OpenSea sagt in einer Erklärung, dass es keine Fälle von jemandem gefunden hat, der diese Art von Angriff tatsächlich durchführt – obwohl es immer noch unklar ist, was mit den Leuten passiert ist, die sagen, dass sie angegriffen wurden. Soweit ich feststellen konnte, gab es nur wenige Leute, die davon sprachen, gehackt zu werden, nachdem sie eine Geschenk-NFT erhalten hatten.
Unterschreiben Sie keine Dinge, die Sie nicht gelesen oder nicht erkannt haben
OpenSea sagt, dass es mit Wallet-Anbietern von Drittanbietern zusammenarbeitet, um Menschen zu helfen, bösartige Signaturanfragen zu erkennen. Dennoch gelten größtenteils die Standardregeln für die Internetsicherheit – klicken Sie nicht auf Dinge, die ungewöhnlich erscheinen, und bestätigen Sie definitiv keine Transaktionsanfragen, es sei denn, Sie sind sich ganz sicher, dass Sie dies tun möchten.
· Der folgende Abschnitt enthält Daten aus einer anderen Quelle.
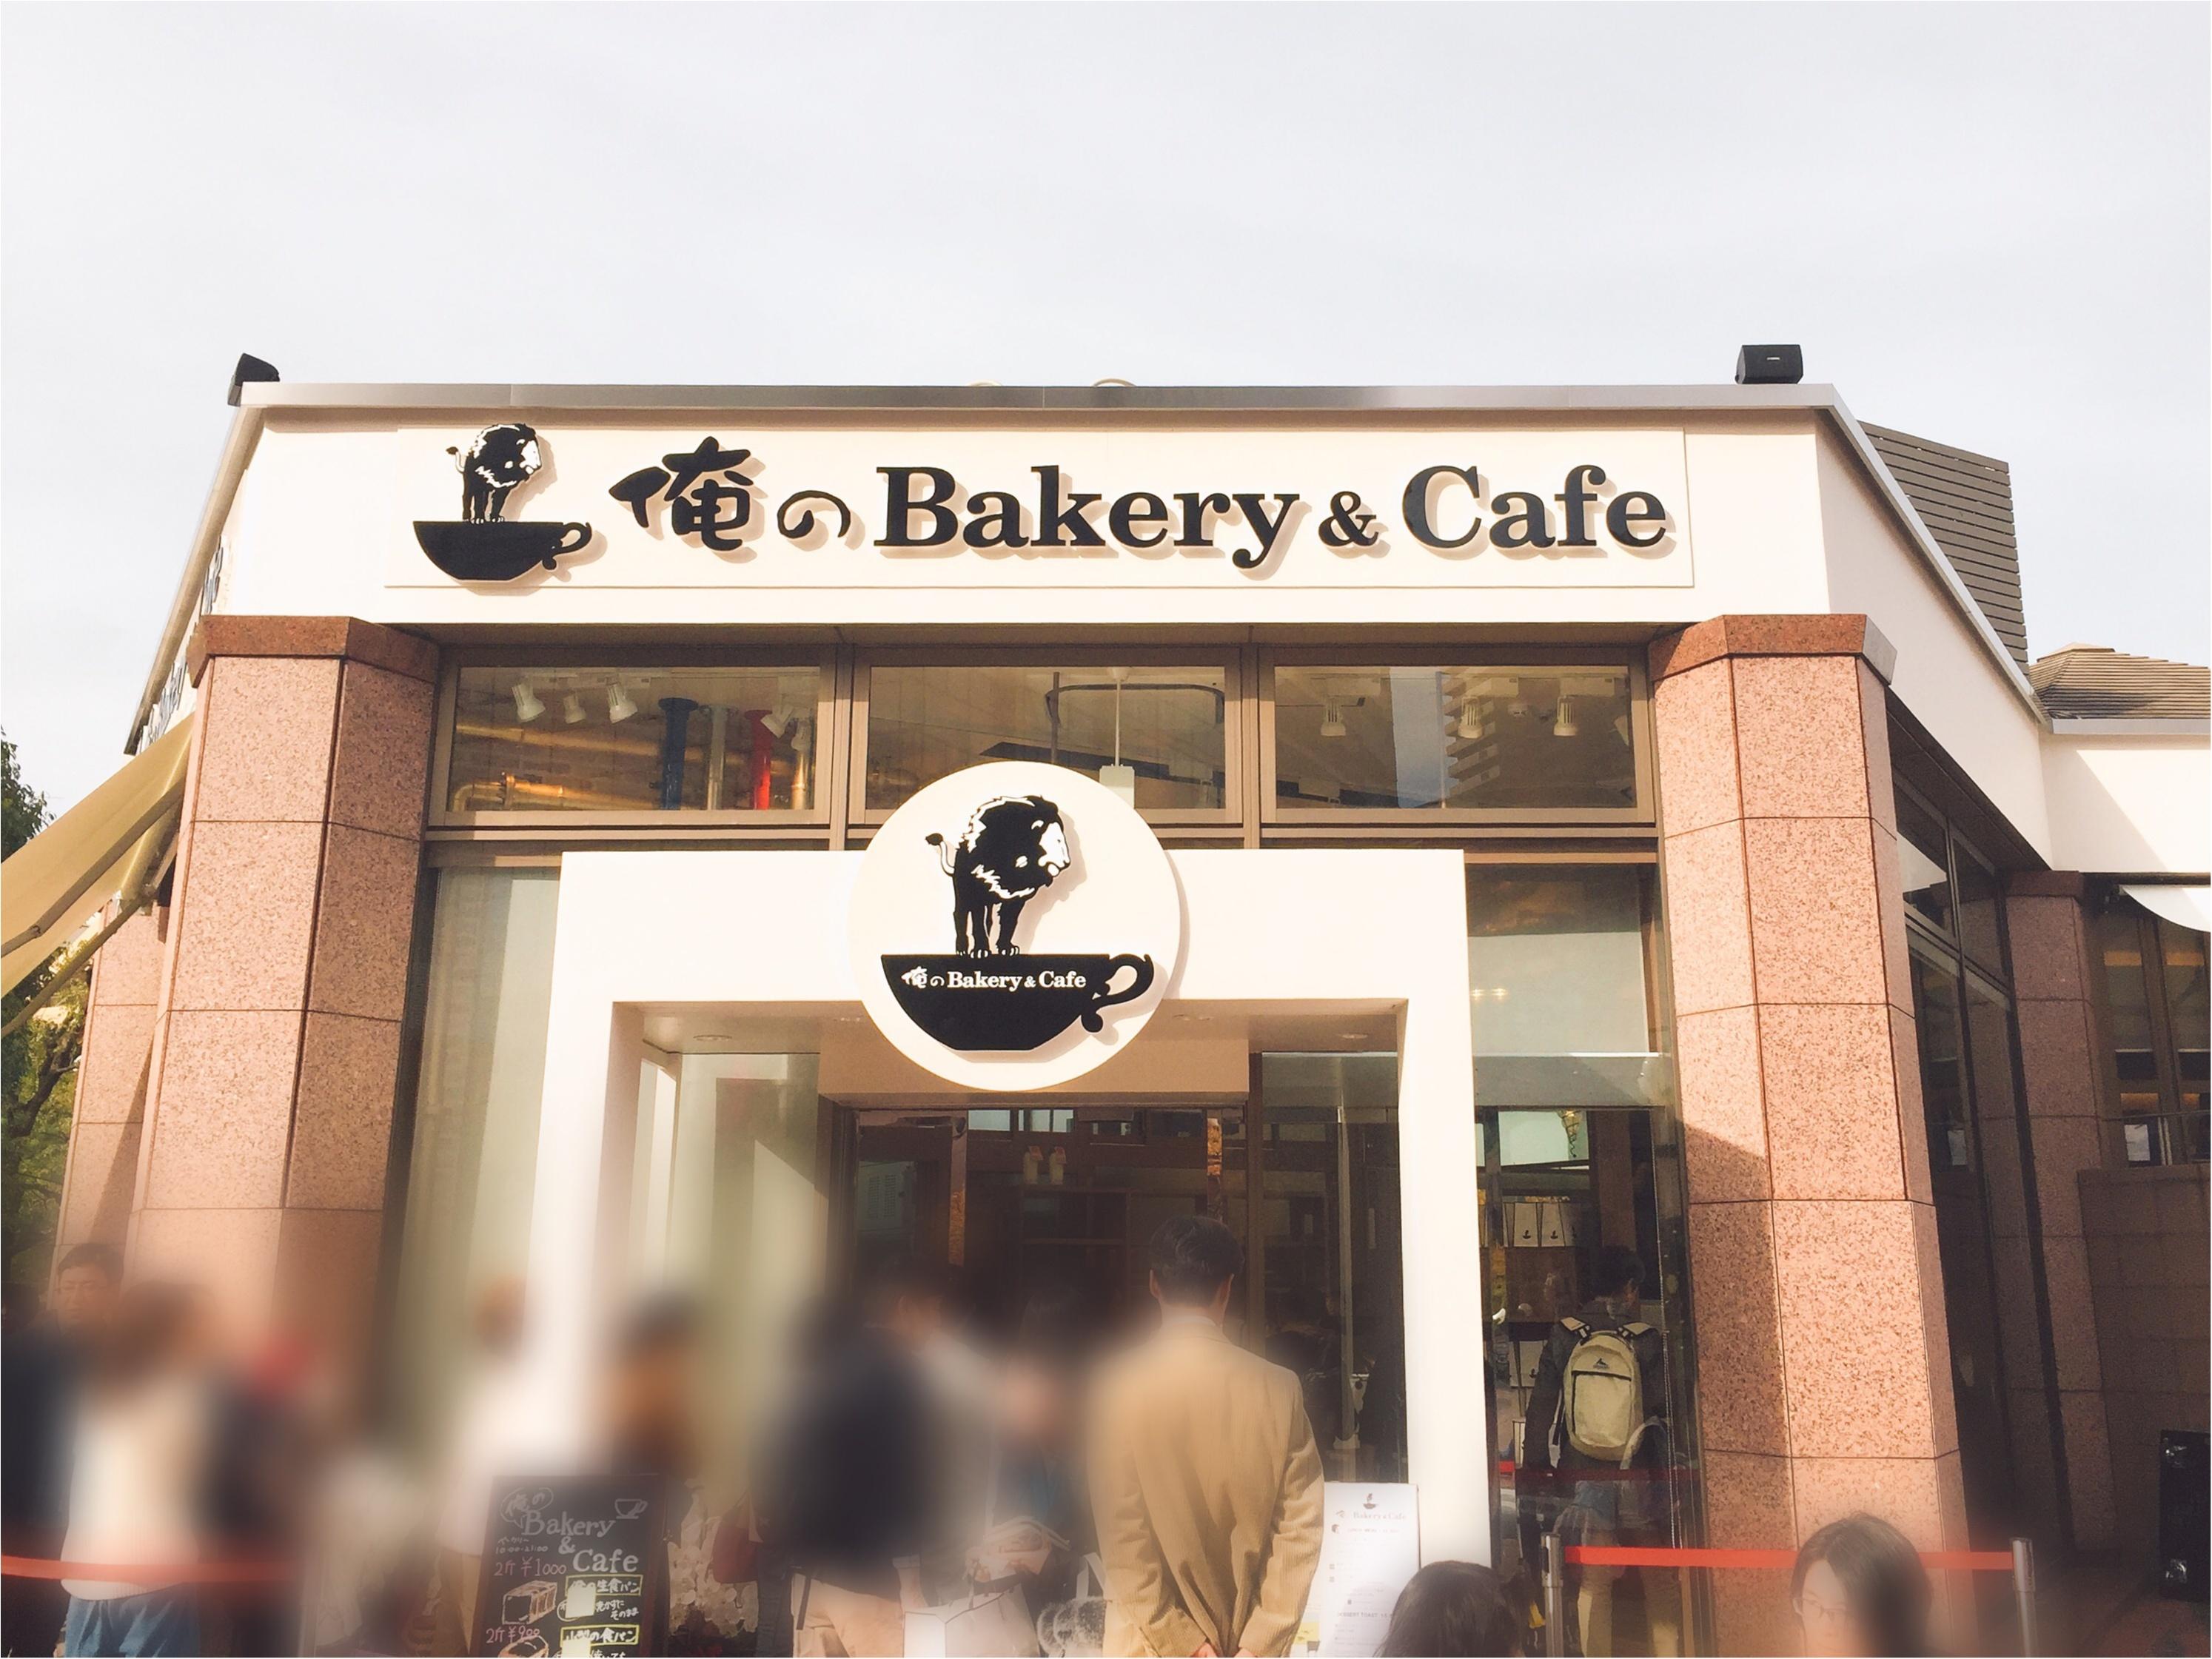 恵比寿にオープン!《俺のシリーズ》新店舗は『俺のベーカリー&カフェ』♡*_1
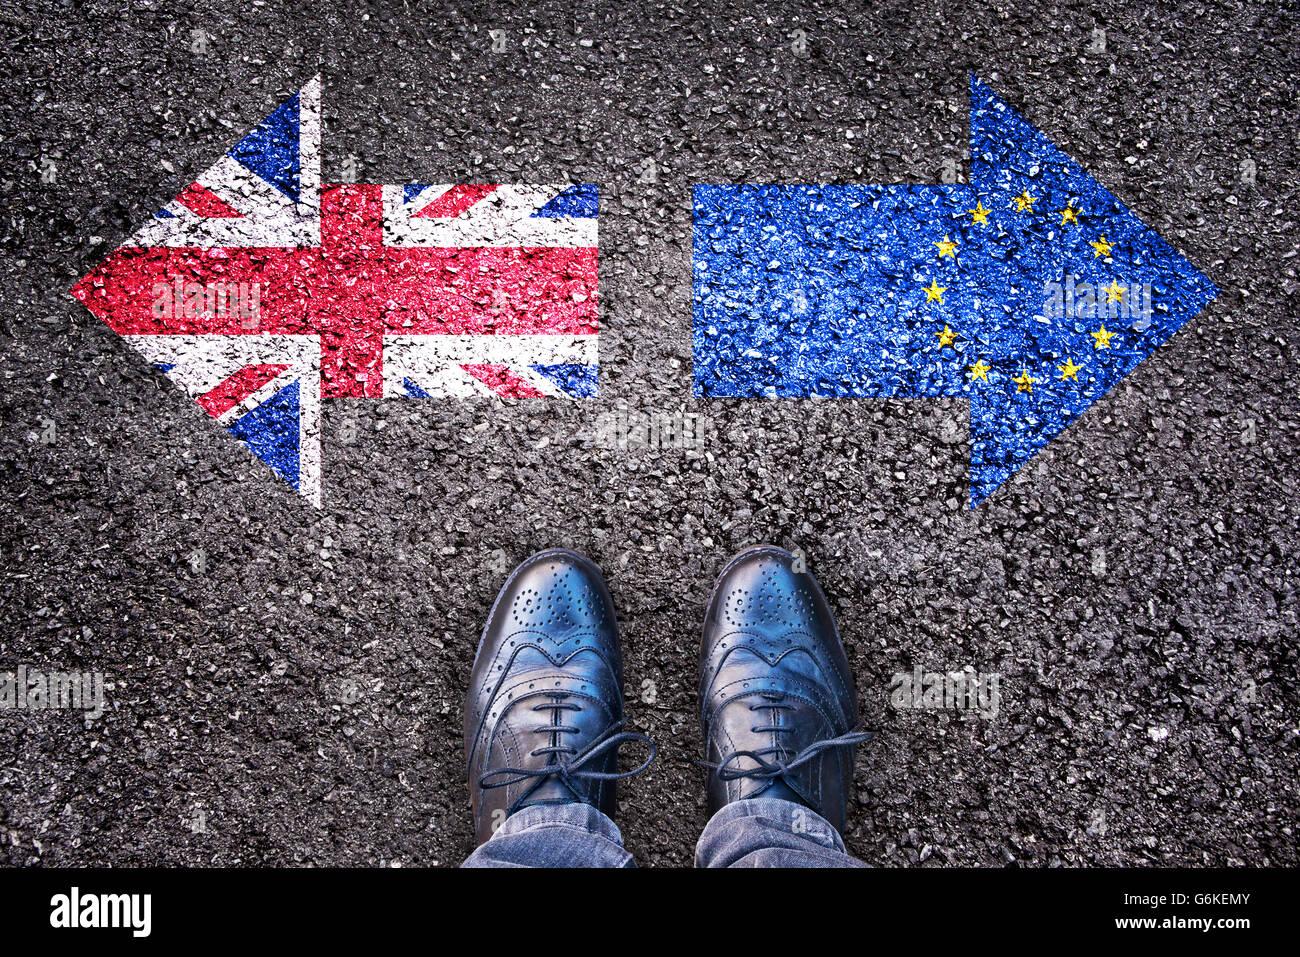 Brexit, banderas del Reino Unido y la Unión Europea, sobre la carretera de asfalto con patas Imagen De Stock

Obwohl dieser spezielle Angriff viel Interaktion (sowie zumindest eine gewisse Unaufmerksamkeit) vom Ziel erforderte, ist es gut, die Bestätigung von Check Point zu sehen, dass OpenSea ihn behoben hat. Es ist leicht vorstellbar, dass NFT-Neulinge möglicherweise ihre Brieftaschen leer bekommen, und wir haben Beispiele für schlechte Akteure und Betrüger im Krypto-Raum gesehen. Es gibt diejenigen, die bereit sind, das Ethereum von Leuten zu stehlen, sich als OpenSea-Supportmitarbeiter auszugeben oder einen mit ziemlicher Sicherheit gefälschten Banksy zu verkaufen.
OpenSea kündigte am Montag auch an, begabte NFTs vor . zu verstecken die Seite eines Kontos standardmäßig, wenn sie aus nicht verifizierten Sammlungen stammen, und fügen Sie eine Option hinzu, um Ihr Konto für den Kauf oder Verkauf von NFTs zu sperren, wenn Sie der Meinung sind, dass Ihre Brieftasche kompromittiert wurde.